Task goal:
Copy exactly the lines starting at the one that contains "Tazzio T Shirt" and running through the end of the material below. Exclude any pictures.

====== Collected data ======

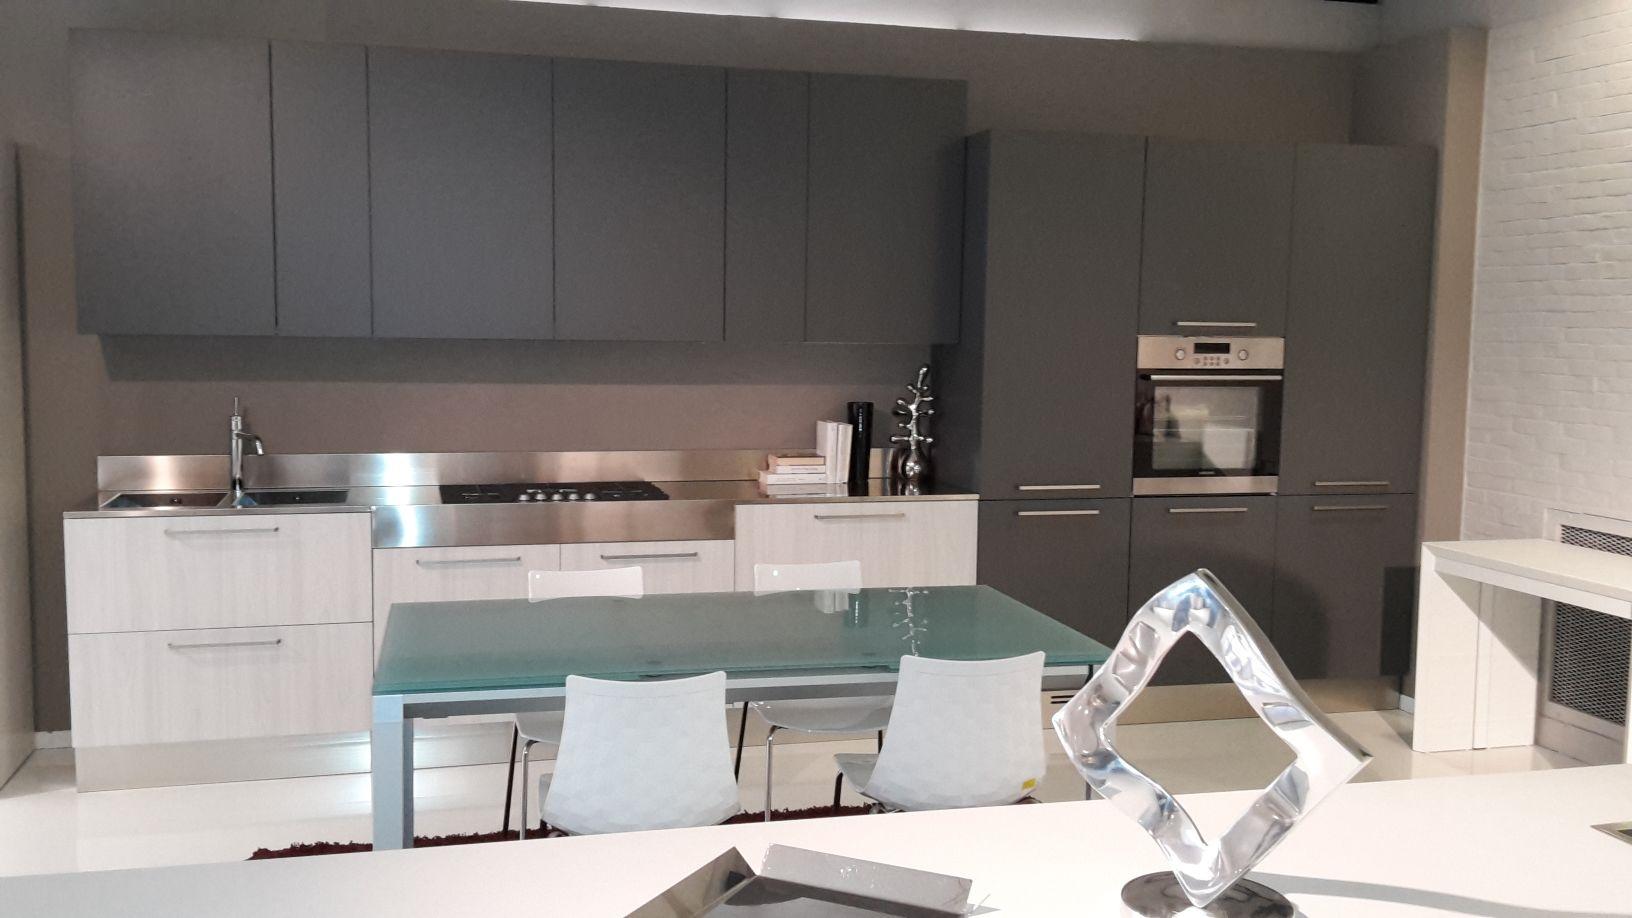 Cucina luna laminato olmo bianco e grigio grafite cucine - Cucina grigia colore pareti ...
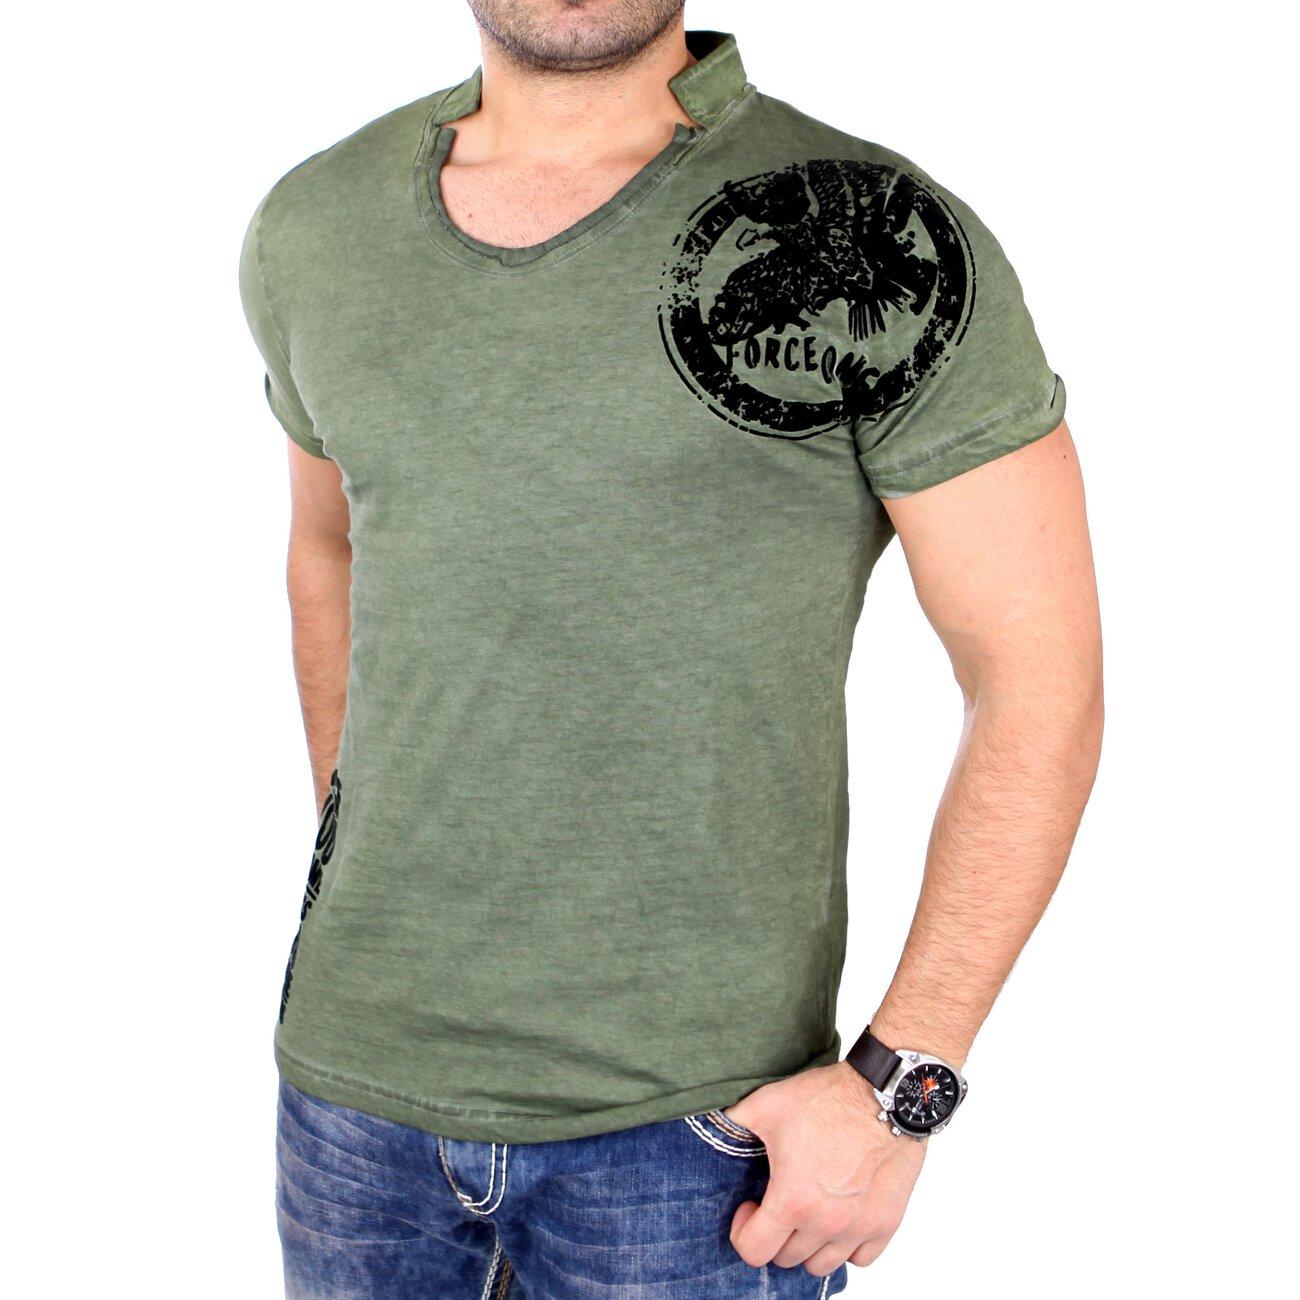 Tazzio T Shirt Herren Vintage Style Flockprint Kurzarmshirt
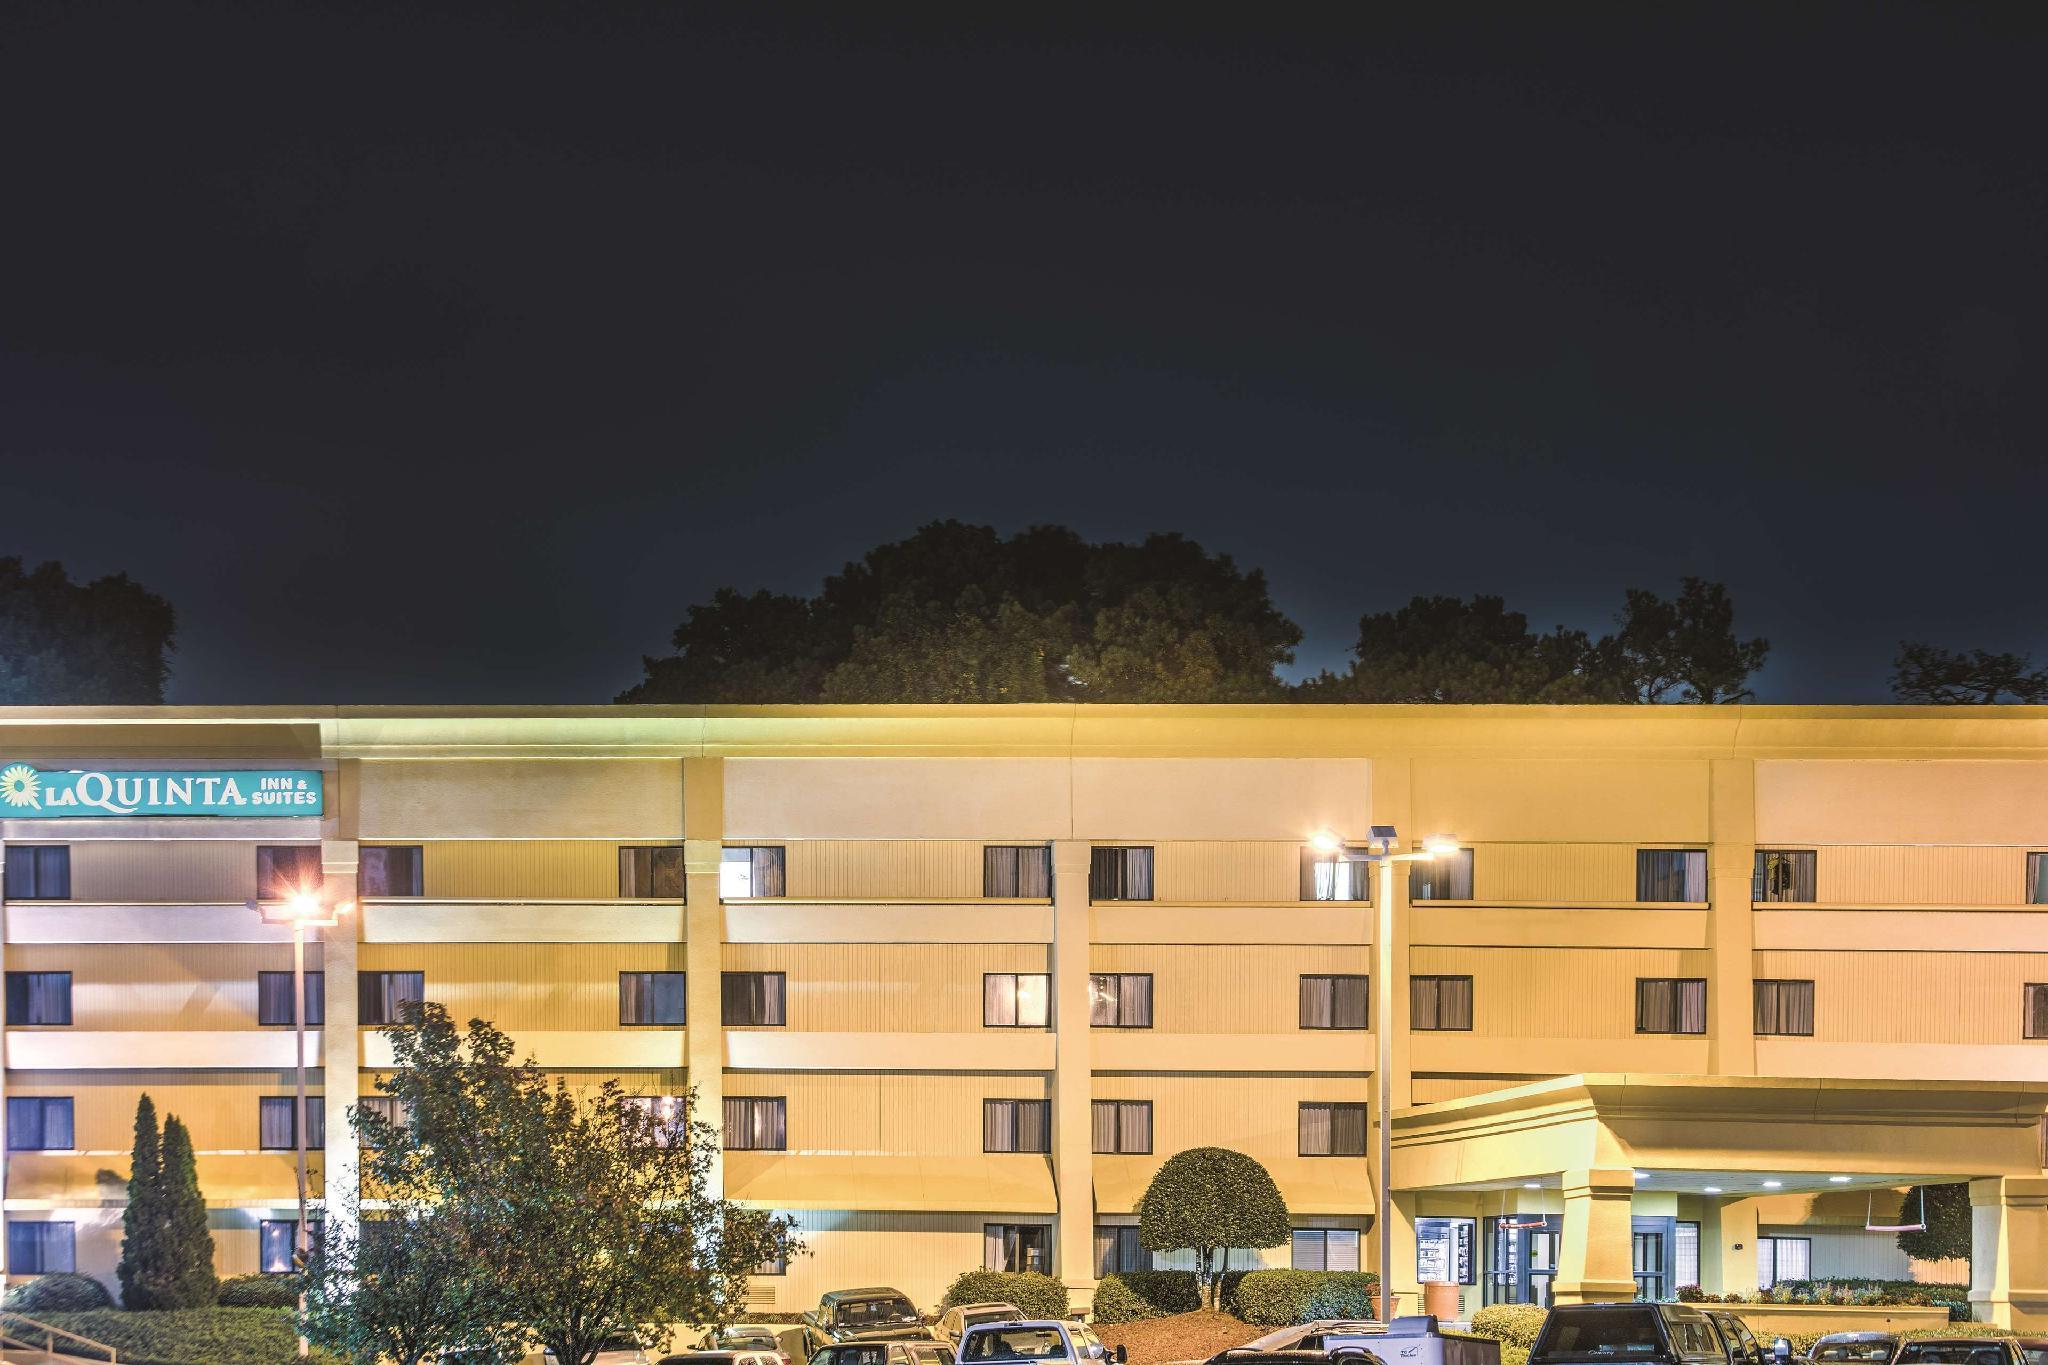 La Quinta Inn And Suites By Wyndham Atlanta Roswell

======

Task output:
 Tazzio T Shirt Herren Vintage Style Flockprint Kurzarmshirt
 La Quinta Inn And Suites By Wyndham Atlanta Roswell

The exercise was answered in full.